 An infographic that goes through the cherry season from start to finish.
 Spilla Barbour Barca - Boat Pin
=-=-=
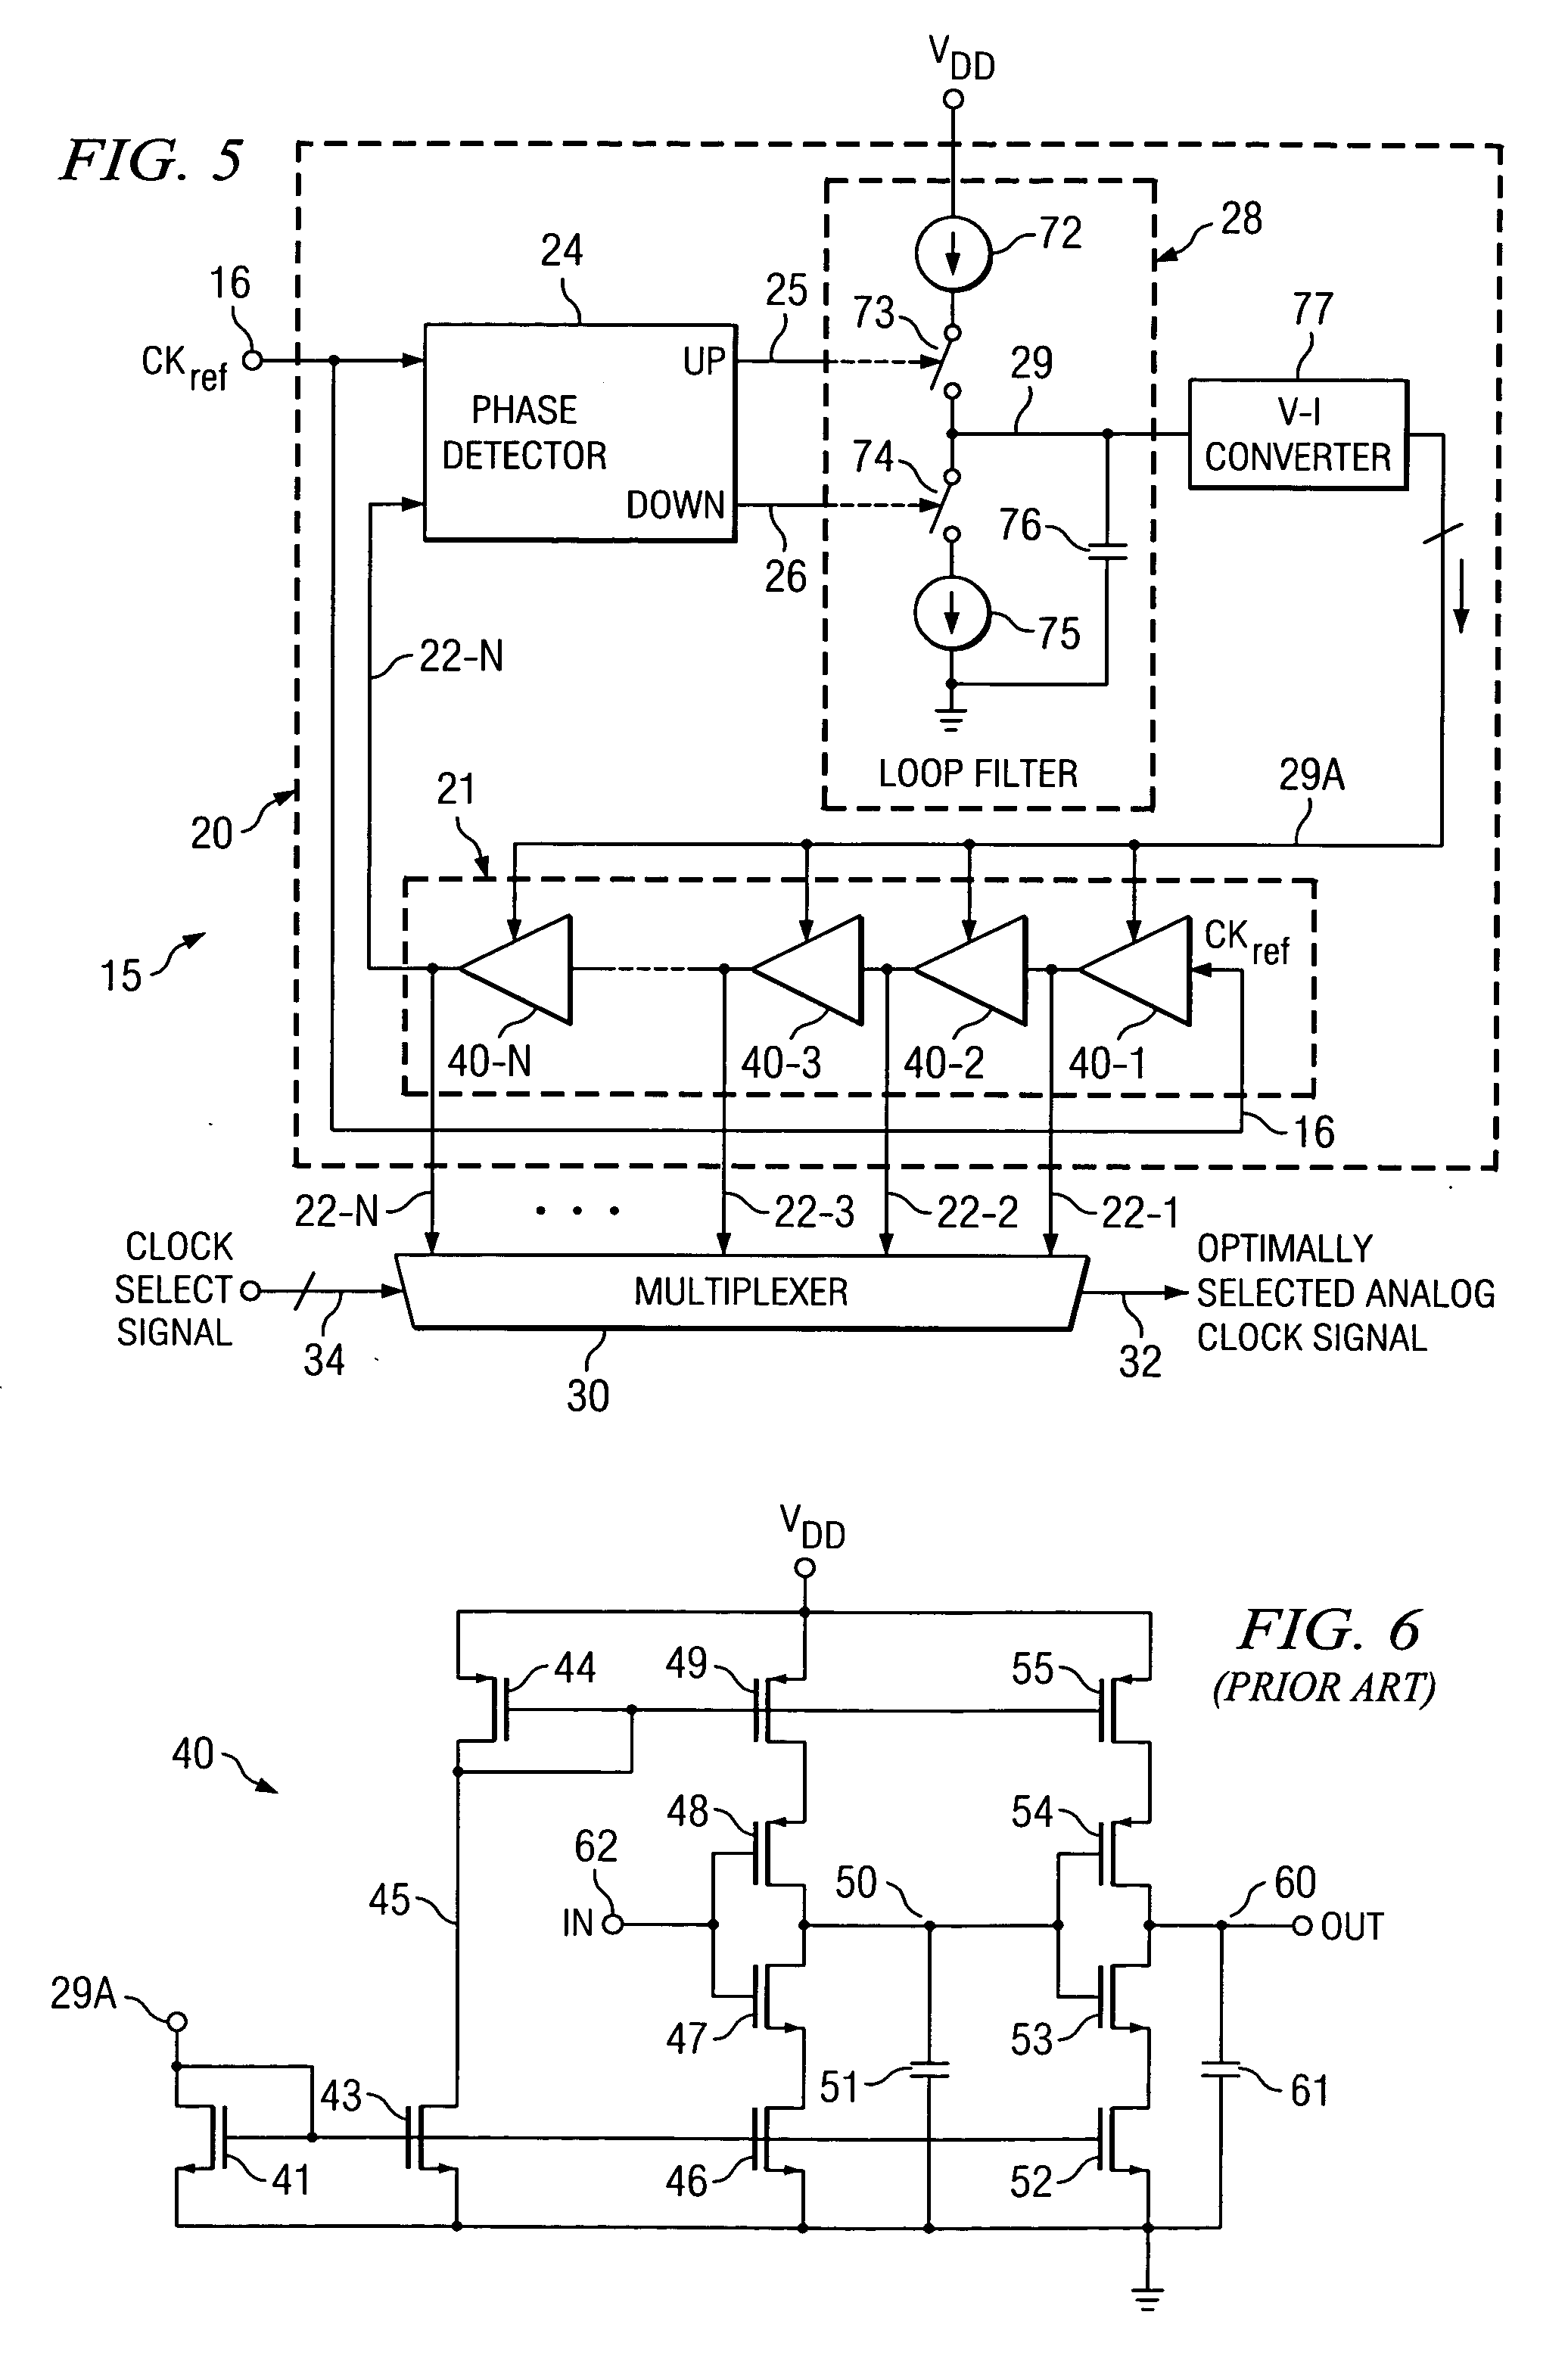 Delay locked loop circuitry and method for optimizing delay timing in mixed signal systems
=-=-=
» **What is being asked**
The reply should hold only the lines of the listing above starting at the line containing "An infographic that" and ending at the line containing "Spilla Barbour Barca - Boat Pin", exactly as written.

» **Task answer**
 An infographic that goes through the cherry season from start to finish.
 Spilla Barbour Barca - Boat Pin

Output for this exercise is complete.